Thursday, December 08, 2005

Paradoxical undressing

Who uses it: Emergency medical technicians and doctors
What it means: The final stage of hypothermia, when victims become convinced that they're burning up, and take their clothes off. It happens most frequently in people who have been drinking, and is one reason that police often think urban hypothermia victims have been sexually assaulted.
How you can use it: When it's cold outside, baby.

The thermometer in front of my neighbor's apartment reads 24 degrees, which is really not so cold, especially compared to the 9 degrees it was last night. It feels even warmer in the sunlight.
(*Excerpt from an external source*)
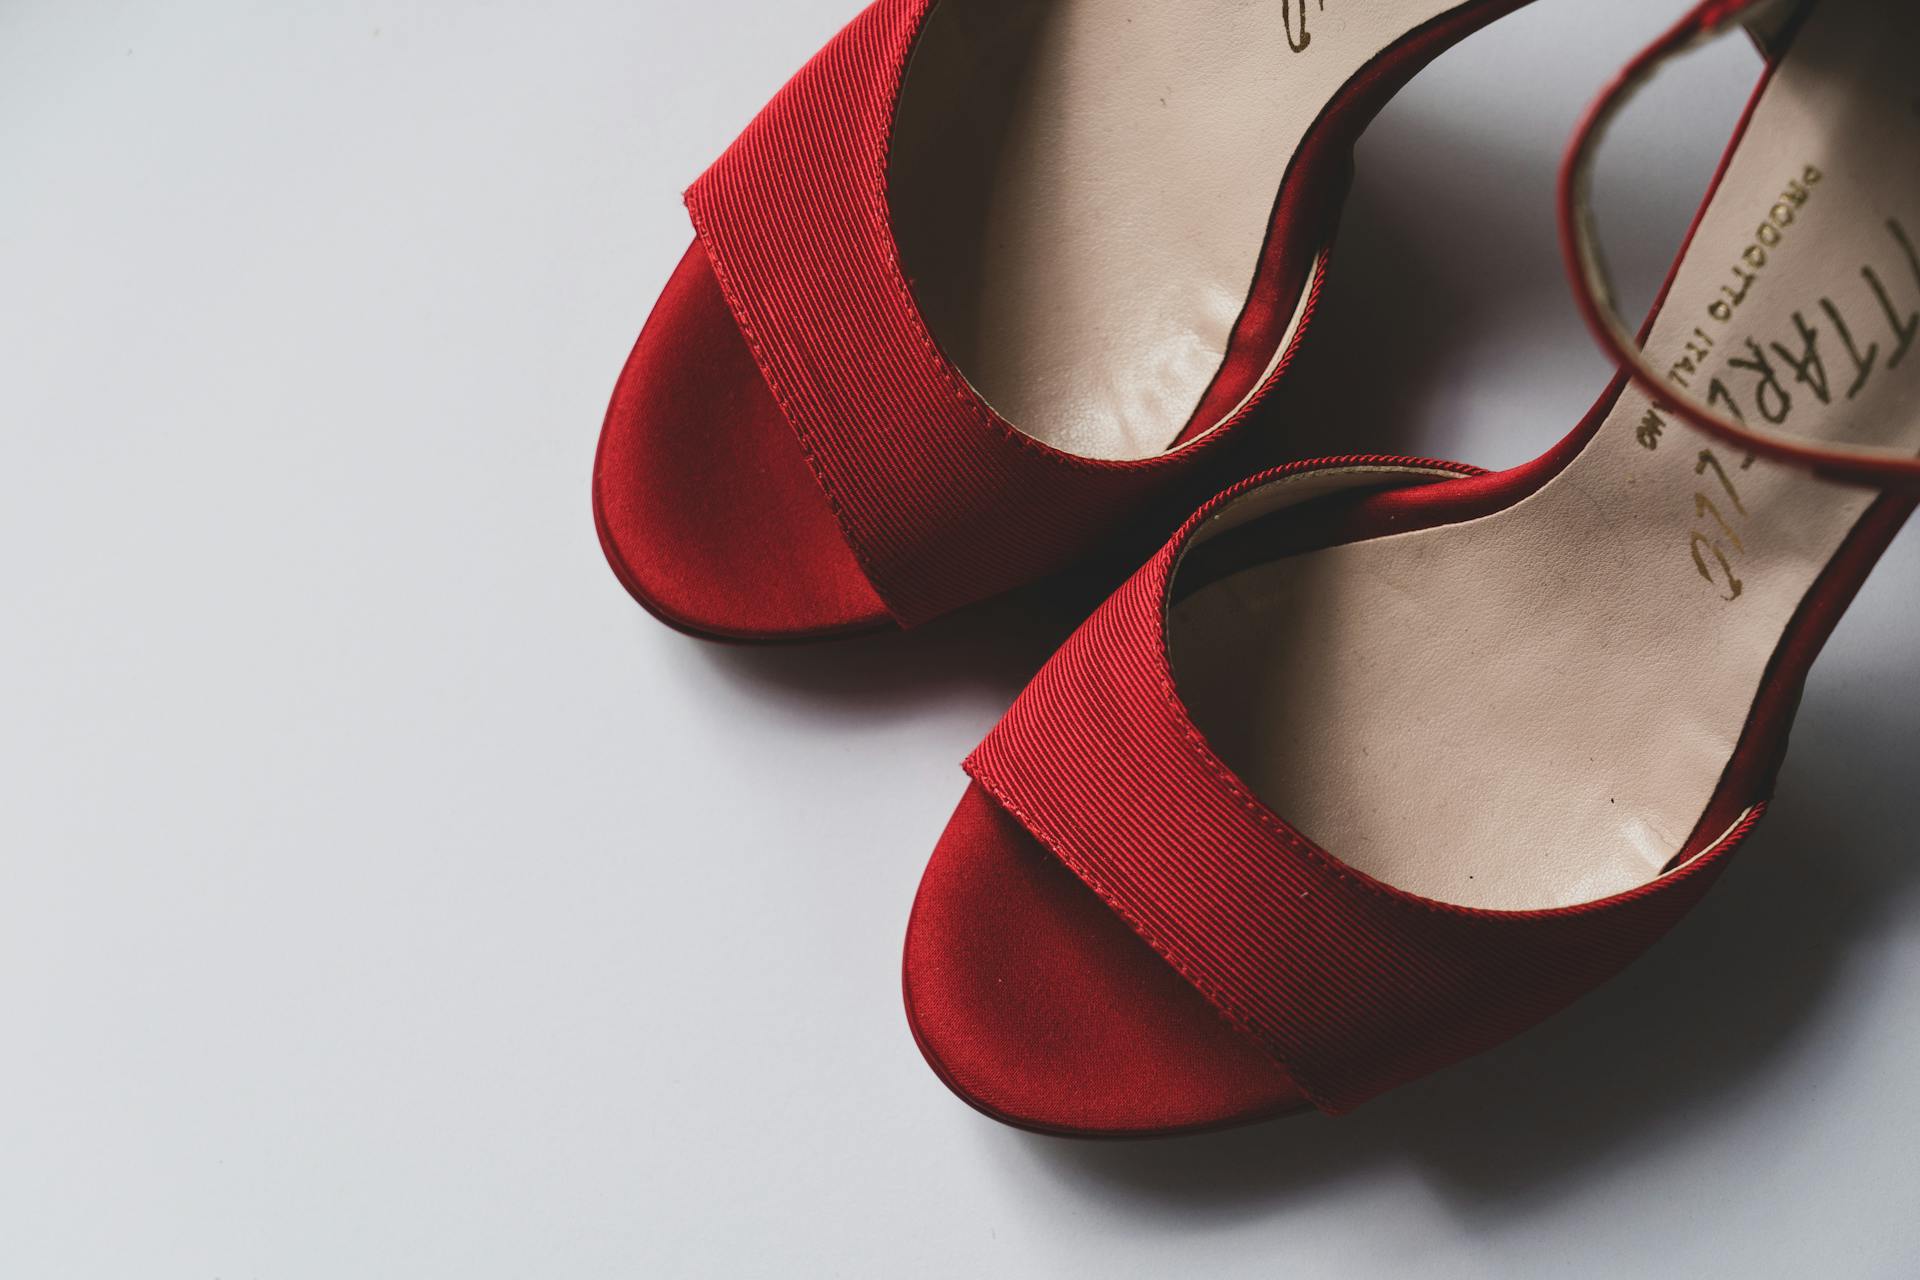 Red shoes on floor | Source: Pexels

I forget what a shock it is, to people who aren't used to it; Ashton had to buy long underwear before Saturday night's pub crawl.

Dizzy seems not to notice it at all, unless it's wet, or the wind is blowing. The heat bothers him a lot more.

The temperature rarely drops below freezing in Tidewater Virginia, where I grew up, but I've always been fascinated with stories of extreme cold. A group of survivors from the wreck of the Endurance spent 17 days rowing the Antarctic seas in the James Caird, a 22 1/2" lifeboat. It was April and May, late in the Antarctic fall, and no one slept for 17 days -- but every one of them survived.

I look at the chilblain on my right index finger, and think that people must have been a lot tougher back then.